Dataset section START
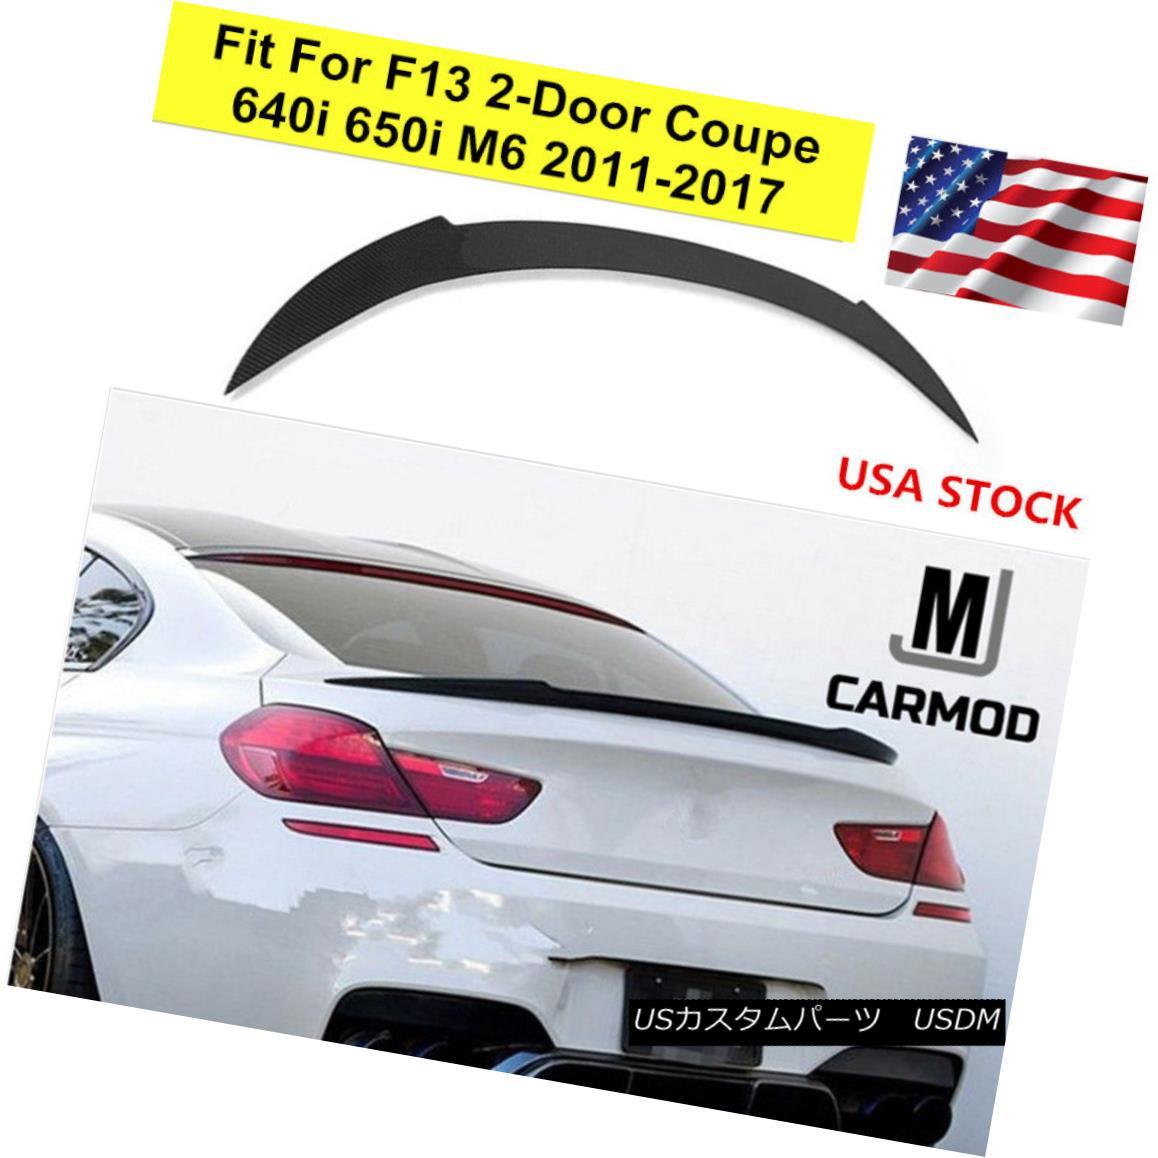 エアロパーツ Fit For F13 BMW 640i 650i 2 Door Coupe 2011+ CARBON FIBER V REAR SPOILER フィットF13 BMW 640i 650i 2ドアクーペ2011 +カーボンファイバーVリアスポイラー
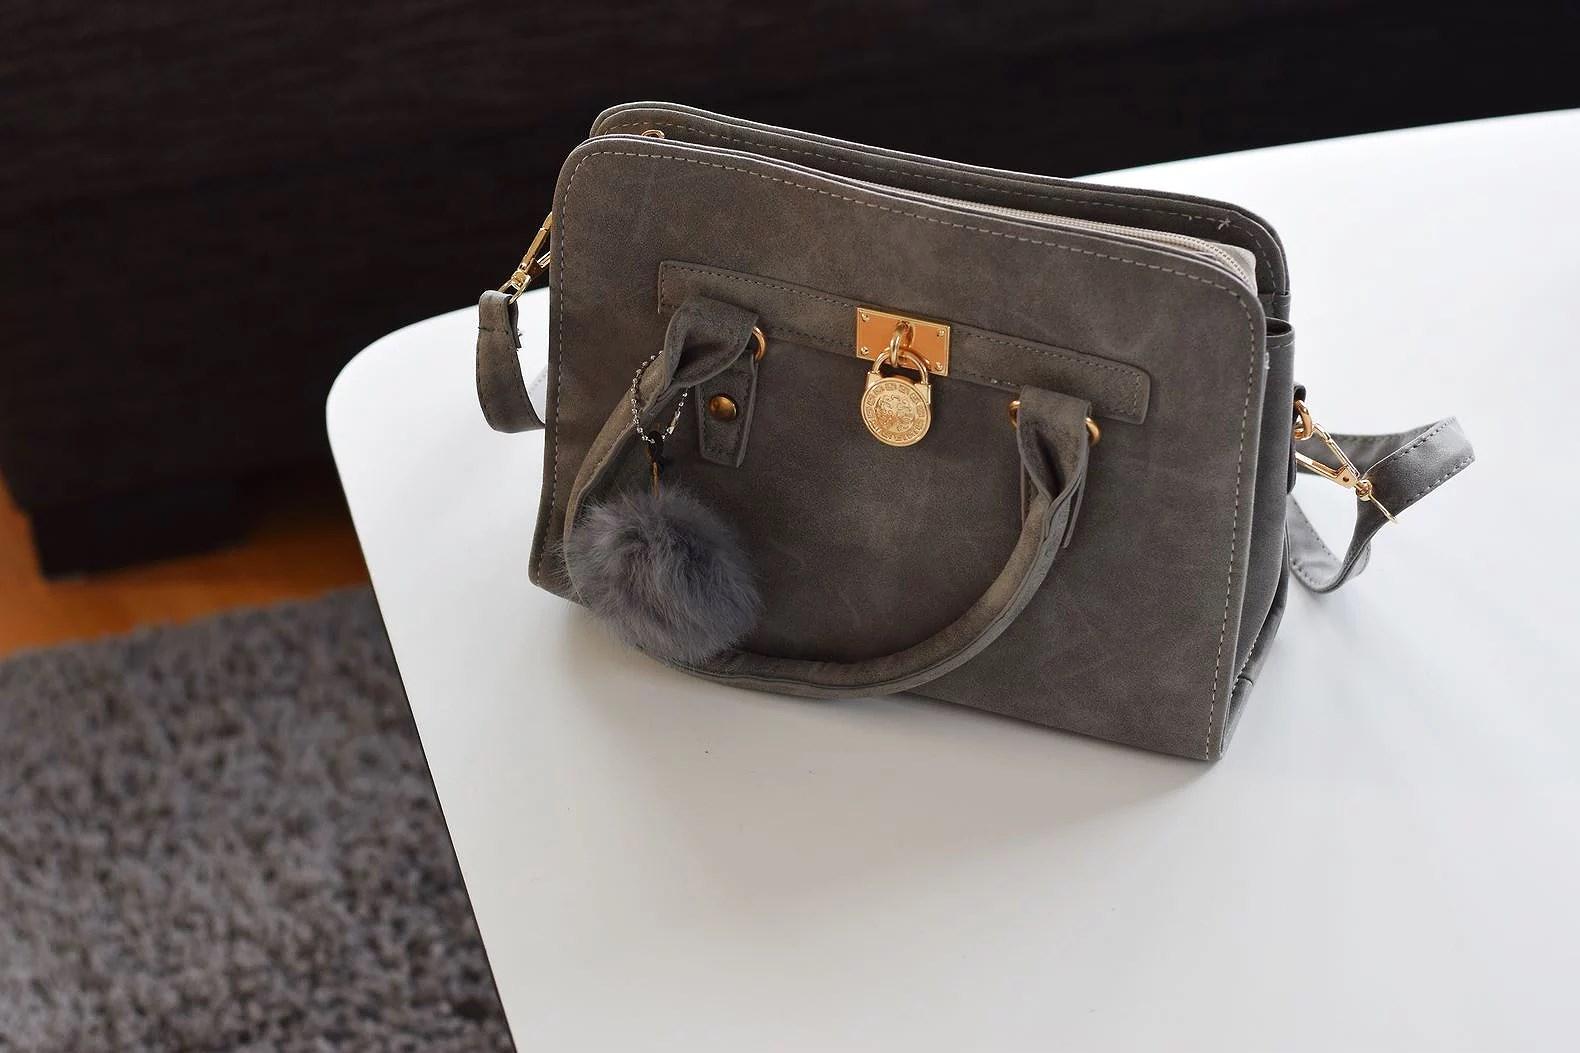 NEW IN: Bag
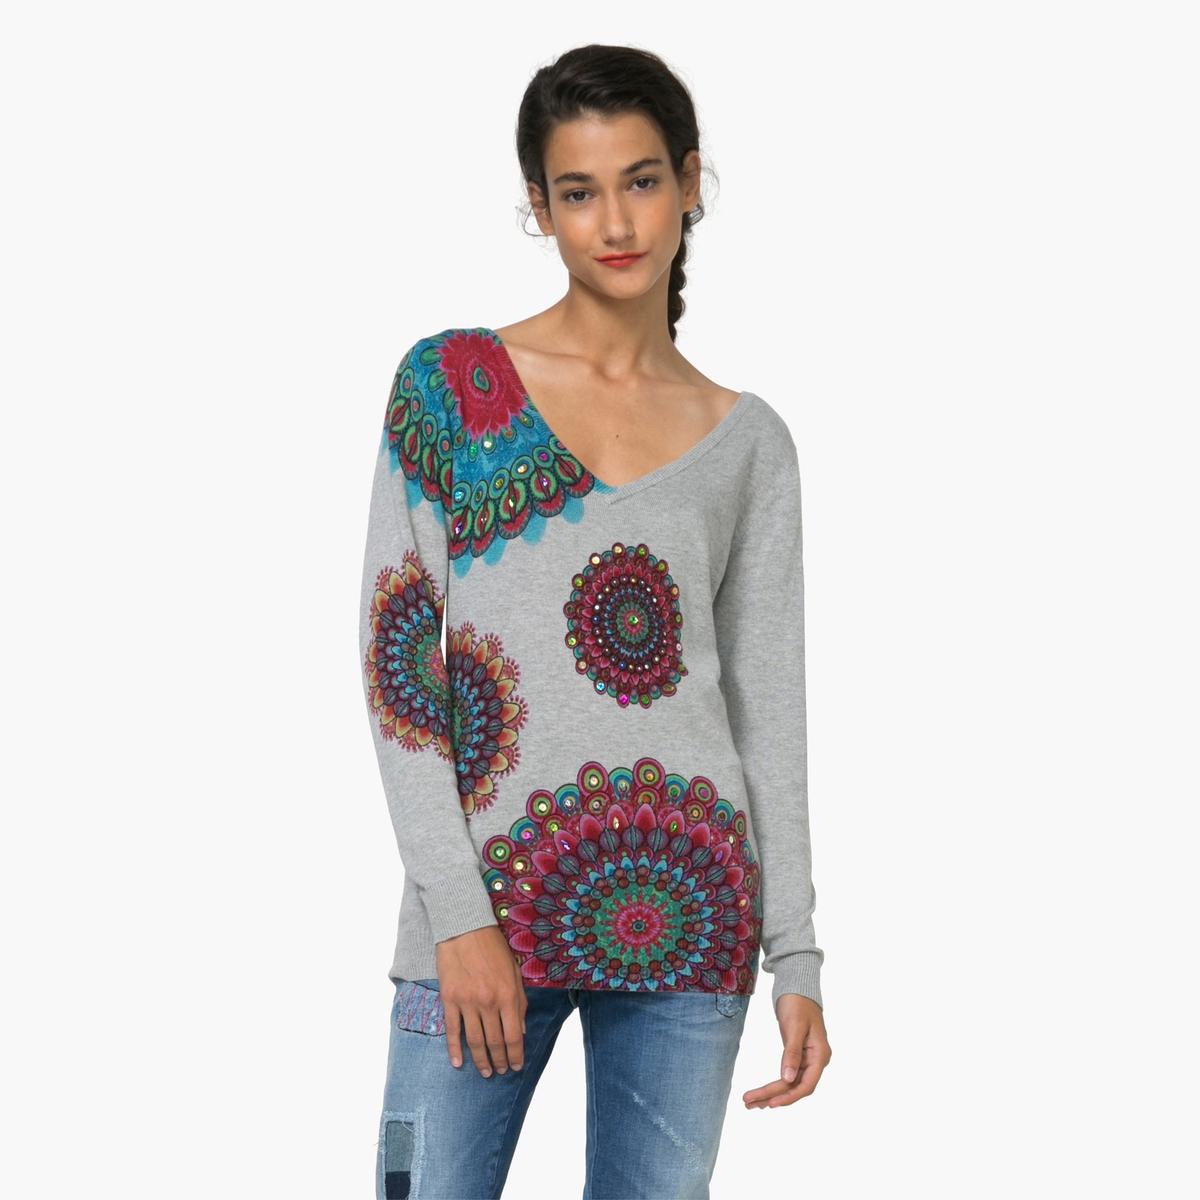 Пуловер с длинными рукавами с рисункомДетали  •  Пуловер прямого покроя •  Длинные рукава •   V-образный вырез  •  Тонкий трикотаж •  Рисунок-принт Состав и уход •  5% шелка, 42% вискозы, 53% хлопка •  Следуйте советам по уходу, указанным на этикетке<br><br>Цвет: светло-серый<br>Размер: S.XL
Dataset section END
** Required work **
Please repeat, exactly as written, only the lines from the line with "NEW IN: Bag" to the end of the data, leaving out every picture.

** Exercise solution **
 NEW IN: Bag
 Пуловер с длинными рукавами с рисункомДетали  •  Пуловер прямого покроя •  Длинные рукава •   V-образный вырез  •  Тонкий трикотаж •  Рисунок-принт Состав и уход •  5% шелка, 42% вискозы, 53% хлопка •  Следуйте советам по уходу, указанным на этикетке<br><br>Цвет: светло-серый<br>Размер: S.XL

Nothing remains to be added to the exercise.